André Gide foi uma figura controversa no seu tempo, não só pelas suas ideias, mas também pela sua vida pessoal (era abertamente bissexual). A sua obra 'Corydon', um ensaio a favor da homossexualidade, foi tão escandalosa que ele inicialmente a publicou anonimamente. Este contexto de desafio às normas sociais reforça o significado da sua citação sobre rejeitar 'cadáveres' da verdade imposta.

Perguntas Frequentes

O que André Gide quer dizer com 'cadáveres da verdade'?
Refere-se a ideias, dogmas ou normas que foram transmitidos pela tradição sem serem questionados ou revividos pela experiência pessoal. São 'cadáveres' porque perderam a sua vitalidade original e o seu significado contextual.
Esta citação é contra toda a tradição?
Não necessariamente. Gide critica a aceitação passiva e acrítica da tradição. A tradição pode ser um ponto de partida valioso, mas deve ser 'redescoberta' e reavivada pela experiência pessoal para se tornar uma 'verdade viva'.

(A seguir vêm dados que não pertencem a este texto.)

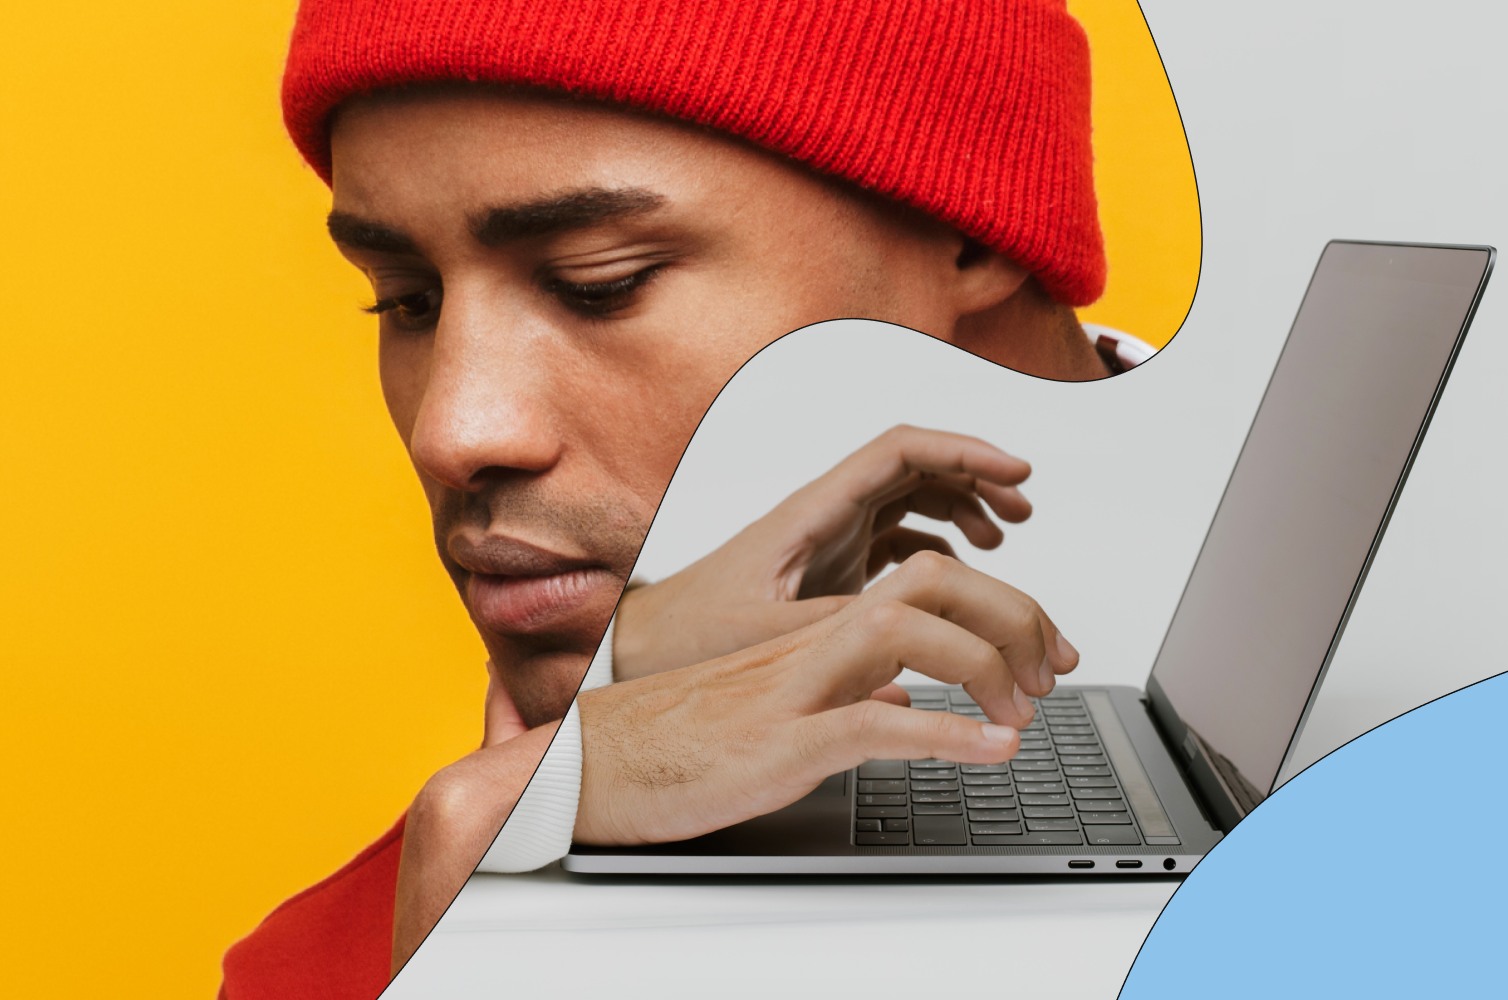 Man in a red beanie typing on a laptop, representing a modern learner
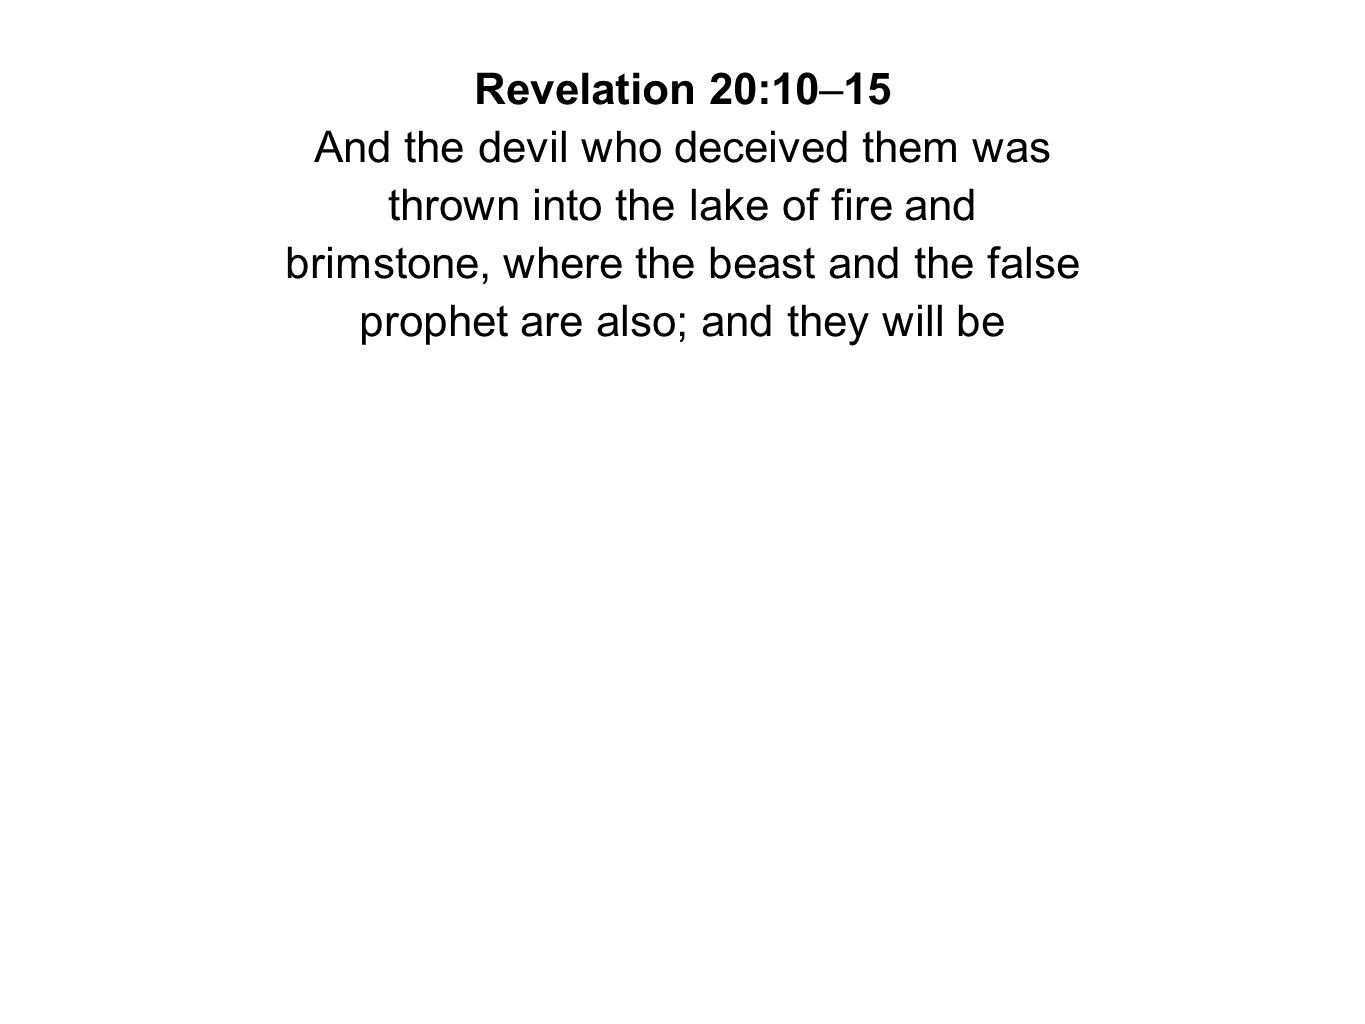 Revelation 20:10–15 And the devil who deceived them was thrown into the lake of fire and brimstone, where the beast and the false prophet are also; and they will be

Como posso aplicar esta ideia no meu dia a dia?
Praticando o pensamento crítico: questionando as fontes de informação, testando ideias através da sua própria experiência (por exemplo, num hobby ou no trabalho) e evitando aceitar opiniões apenas porque são populares ou tradicionais.
Esta frase está relacionada com o existencialismo?
Sim, partilha temas comuns com o existencialismo, como a ênfase na autenticidade, na liberdade individual e na construção do significado através da ação e da experiência pessoal, em oposição a valores herdados passivamente.